# Linear Regression

Linear regression is a widely used statistical technique for modeling the relationship between a dependent variable and one or more independent variables. It assumes a linear relationship between the variables and aims to find the best-fit line that minimizes the difference between the predicted and actual values. The goal of linear regression is to make predictions or understand the impact of independent variables on the dependent variable.

In simple linear regression, we consider a single independent variable and a single dependent variable. The relationship between the variables can be represented by the equation:

$y = mx + c$

Where:

- `y` is the dependent variable
- `x` is the independent variable
- `c` is the y-intercept (the value of `y` when `x` is 0)
- `m` is the slope (the change in `y` for a unit change in `x`)

In higher dimension this equation becomes:

$y = wx + b$

The goal is to estimate the values of $w$ and $b$ that best fit the data.

**Data**

Input: $x$ (i.e, measurements, covariates, features, independent variables)

Output: $y$ (i.e., response, dependent variable)



**Goal**

You need to find a regression function $y\approx f(x, \beta)$, where $\beta$ is the parameter to be estimated from observations.

For Simple Linear regression: $y = \beta_0 + \beta_1x$


For Multiple Linear regression: $y  = \beta_{0} + \beta_{1}x_{1} + \beta_{2}x_{2} + \cdots + \beta_{d}x_{d}$, where $d$ is the number of features.


A regression method is linear if the prediction $f$ is a linear function of the unknown parameters $\beta$.

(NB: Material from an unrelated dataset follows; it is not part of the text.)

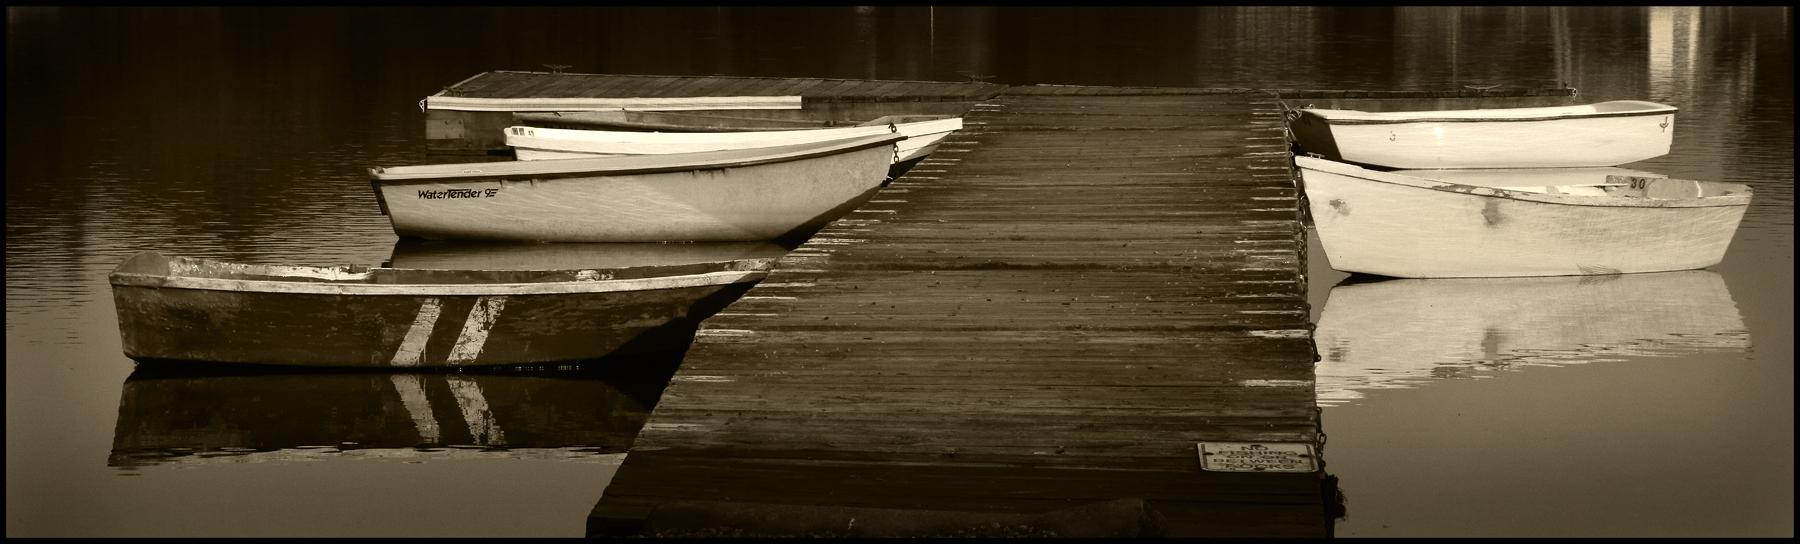 Boats Coveearlylightsepiapano by DonWeston in DonWeston

## Assumptions of Linear Regression

https://www.geeksforgeeks.org/assumptions-of-linear-regression/

- __Linear regression should be linear in parameters__

  The response variable, $y$ is the function of input variables, $x$'s and parameters, $\beta$'s. But the linearity condition is up to parameters. The output variable should be linear in terms of parameters, not necessarily in terms of input variables.

  For example: 
  
  The equation below is linear in terms of both inputs and parameters, so hold the assumption.

  $$y = \beta_0 + \beta_1x$$  

  Similarly, equation below is not linear in terms of inputs but linear in terms of parmaeters so it holds the assumption.

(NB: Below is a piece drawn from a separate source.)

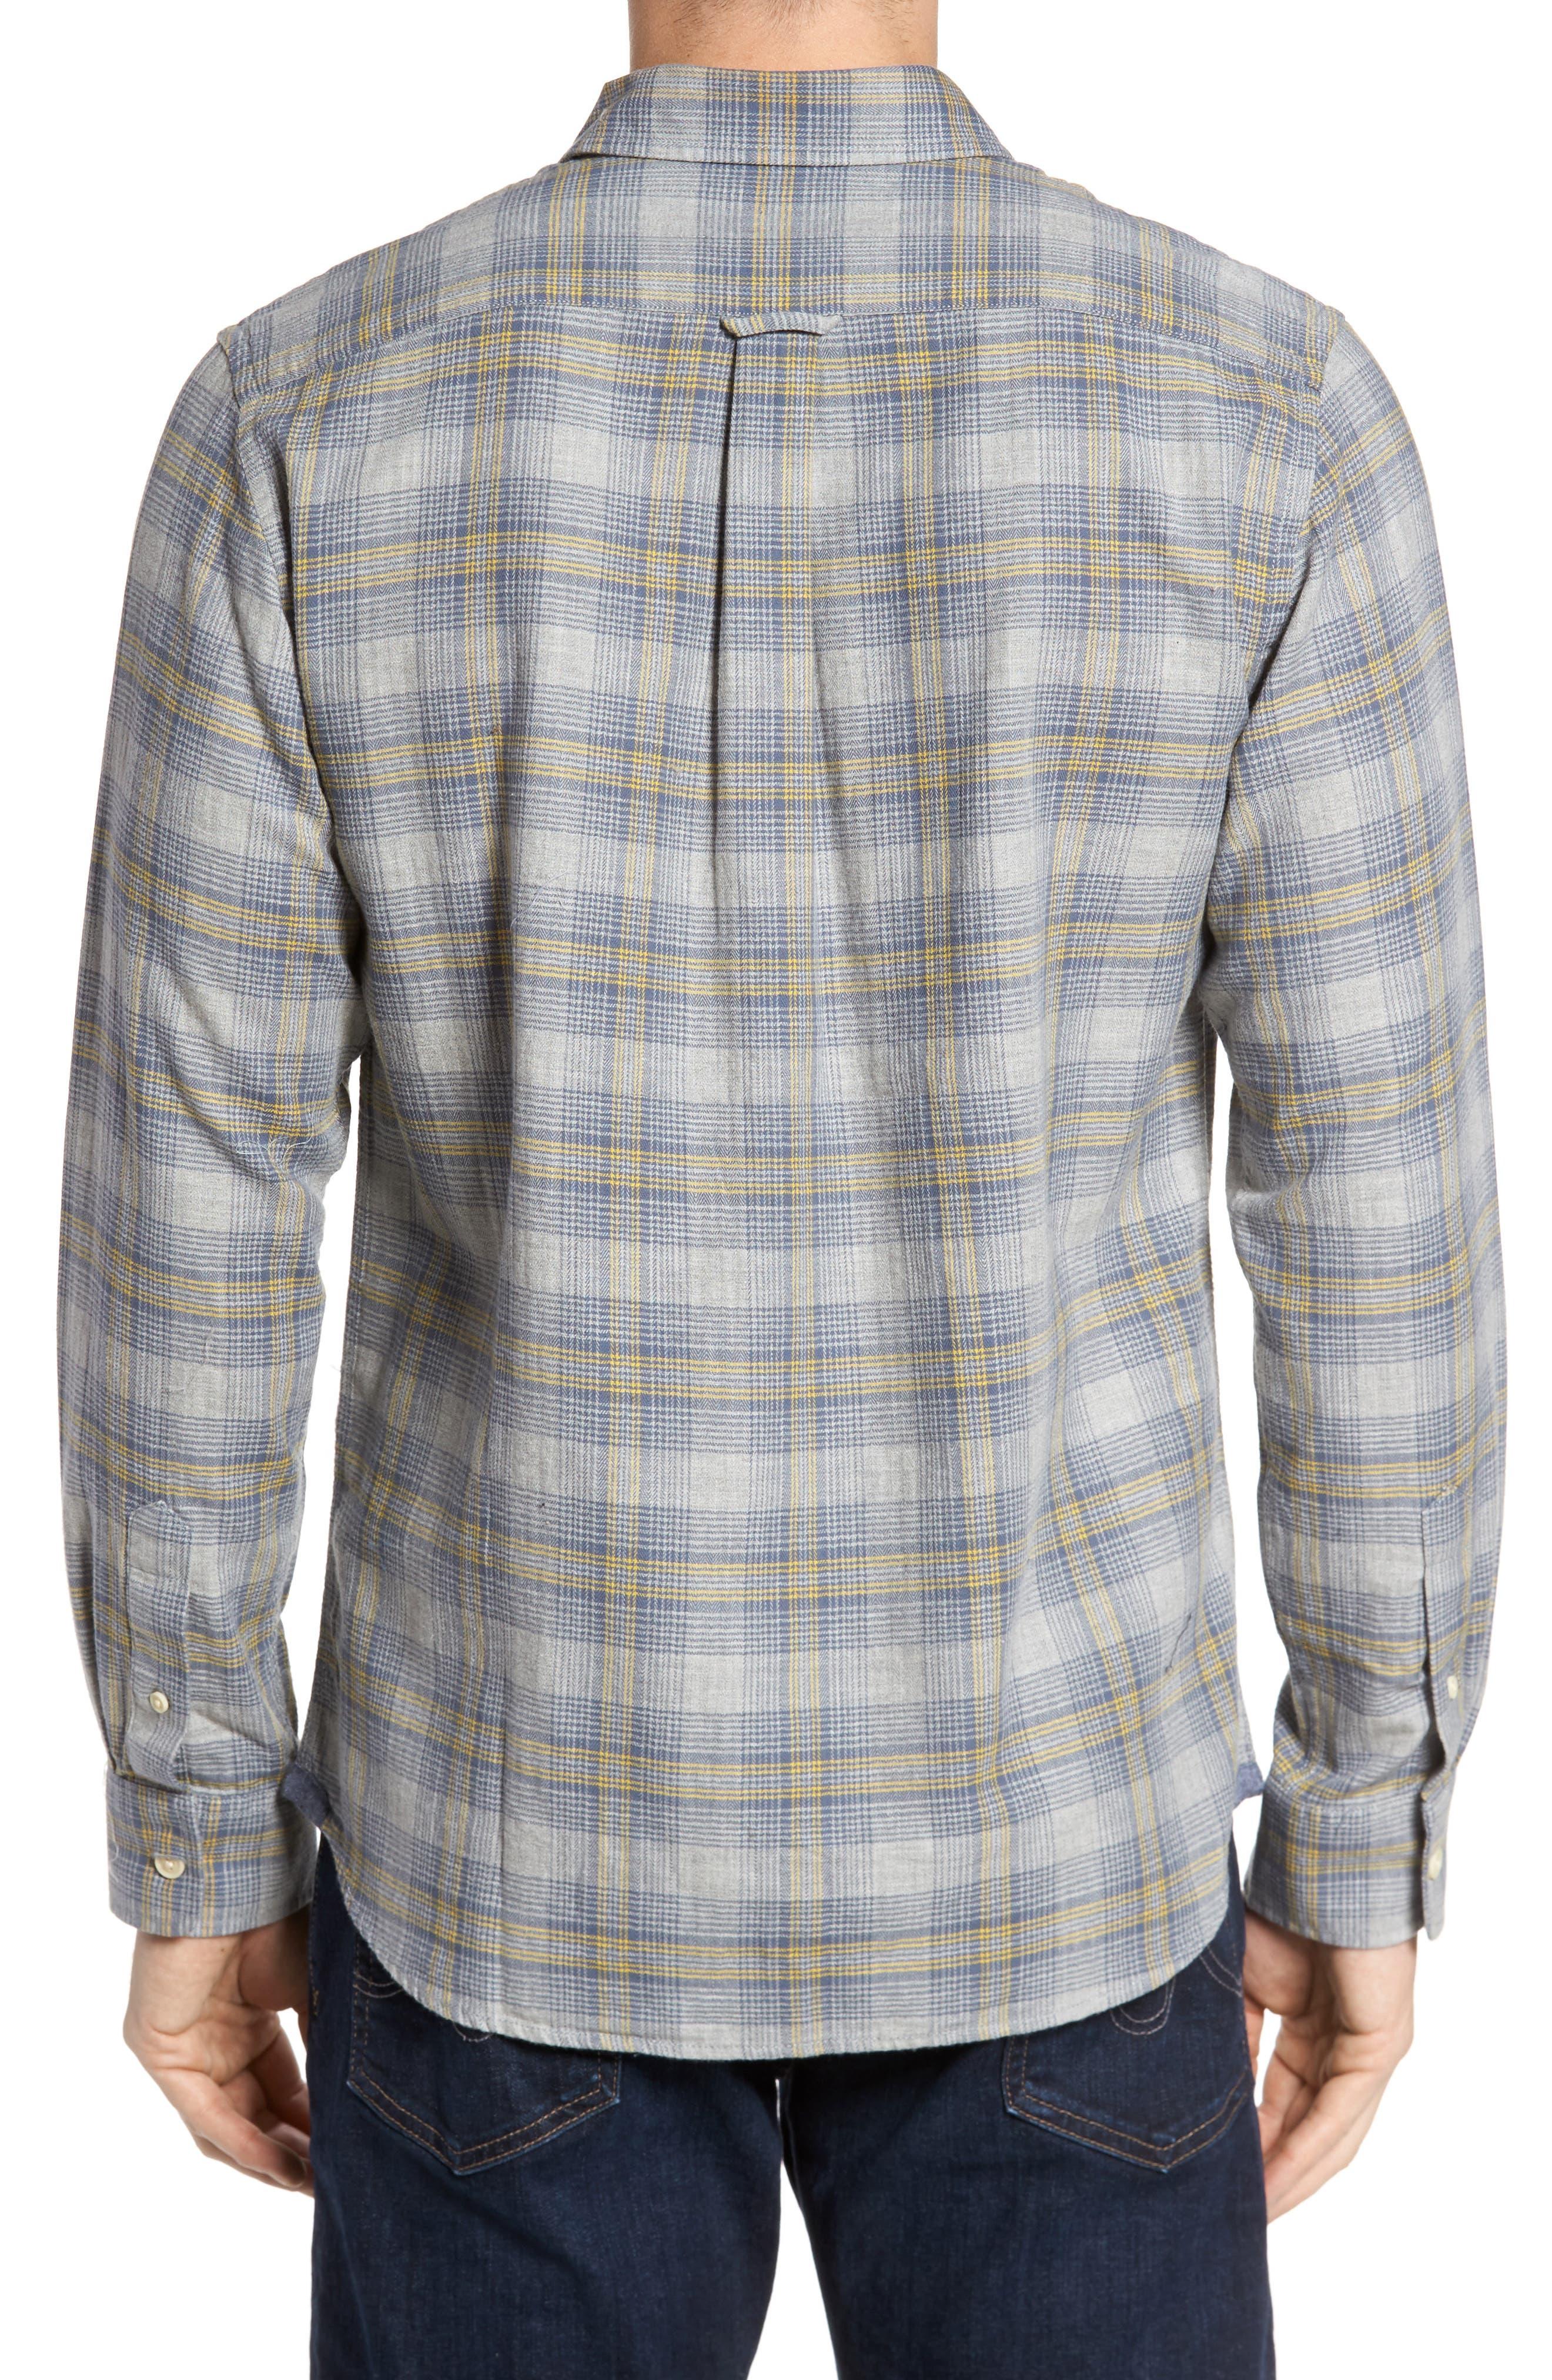 Laugna Herringbone Twill Shirt,                             Alternate thumbnail 2, color,                             032

  $$y = \beta_0 +\beta_1x^2$$

  Lastly, the equation below is linear in terms of input but is not linear in terms of parameters, so it violates the assumption and is not a linear regression model.

  $$y = \beta_0 +\beta_1^2x$$

- __There shouldn't be multicollinearity.__

  Multi colinearity here means perfect colinearity. This assumption is for input variables. In simple linear regression, where we have a single input variable, this assumption doesn't play any role, but in case of multiple linear regression, we should be careful. Any two or more sets of input variables should not be perfectly correlated. Perfect correlation might not make the predictor's matrix full rank, which creates a problem in estimating the parameters.

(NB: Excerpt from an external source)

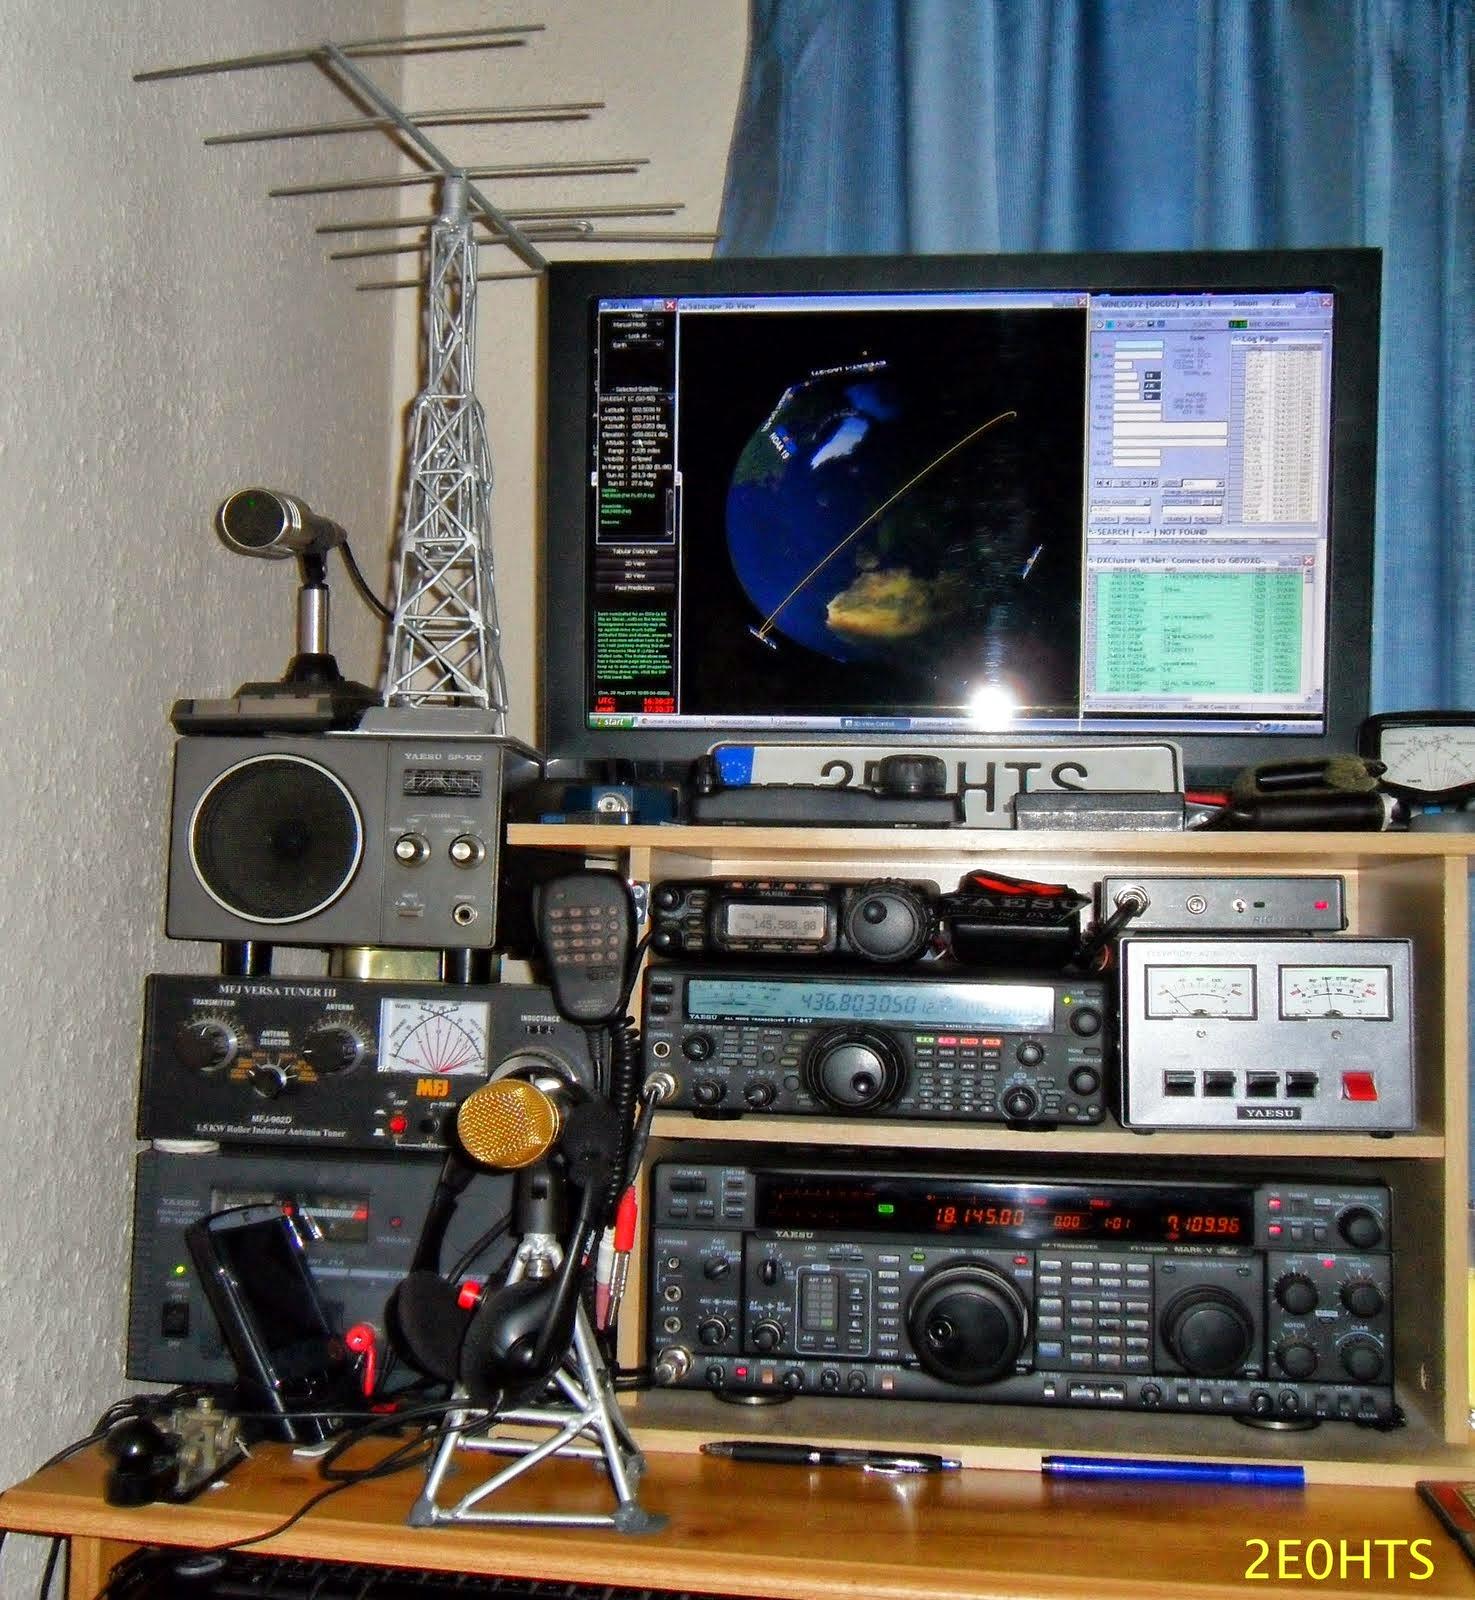 Used amateur equipment

  For example, while predicting the house price, you can have many input variables, _length_, _breadth_, _area_, _location_, and many more. In this case, if you include the feature, _area_  along with _length_, _breadth_, you might violate the assumptions because:

  $$\text{area} = \text{length}\times\text{breadth}$$

  In such a situation, it is better to drop one of the three input variables from the linear regression model.

- __There should be a random sampling of observations.__

  The observations for the linear regression should be randomly sampled from any population. Suppose, you are trying to build a regression model to know the factors that affect the price of the house, then you must select houses randomly from a locality, rather than adopting a convenient sampling procedure. Also, the number of observations should always be higher than the number of parameters to be estimated.

# Parameter Estimation Techniques

Now that you know the assumptions of Linear Regression, it's time you know the techniques to find the parameters, i.e., intercept and regression coefficients. Two of them are as follows:

1. Least Squares Estimation

  In practice, observed data or input-output pair is given, and $\beta's$ are unknown. We use the given input-output pair to estimate the coefficients. The estimated intercept and regression coefficient later helps us in predicting the output value with the input values. There is an error or residual since the estimated regression can not satisfy all the output data points. Hence, we have an error or residual, which is the difference between the estimated output value and the actual output value. Errors can either be positive or negative. We can sum the errors to evaluate the estimated linear regression line. To get rid of the cancellation of the positive and negative error, we square the error and add then which is popularly called as Sum of Squares of errors or Residual Sum of Squares.

  This parameter estimation technique finds the parameters by minimizing the sum of squares. There are mainly three types of Least Squares:

      - Ordinary Least Squares

      - Weighted Least Squares

      - Generalized Least Squares


2. Maximum Likelihood Estimation

    Maximum likelihood estimation is a well known probabilistic framework for finding parameters that best describe the observed data. You find the parameters by maximizing the conditional probability of observing the data, $x$ given specific probability distribution and its parameters $\beta's$. Detailed discussion on this technique is out of the scope.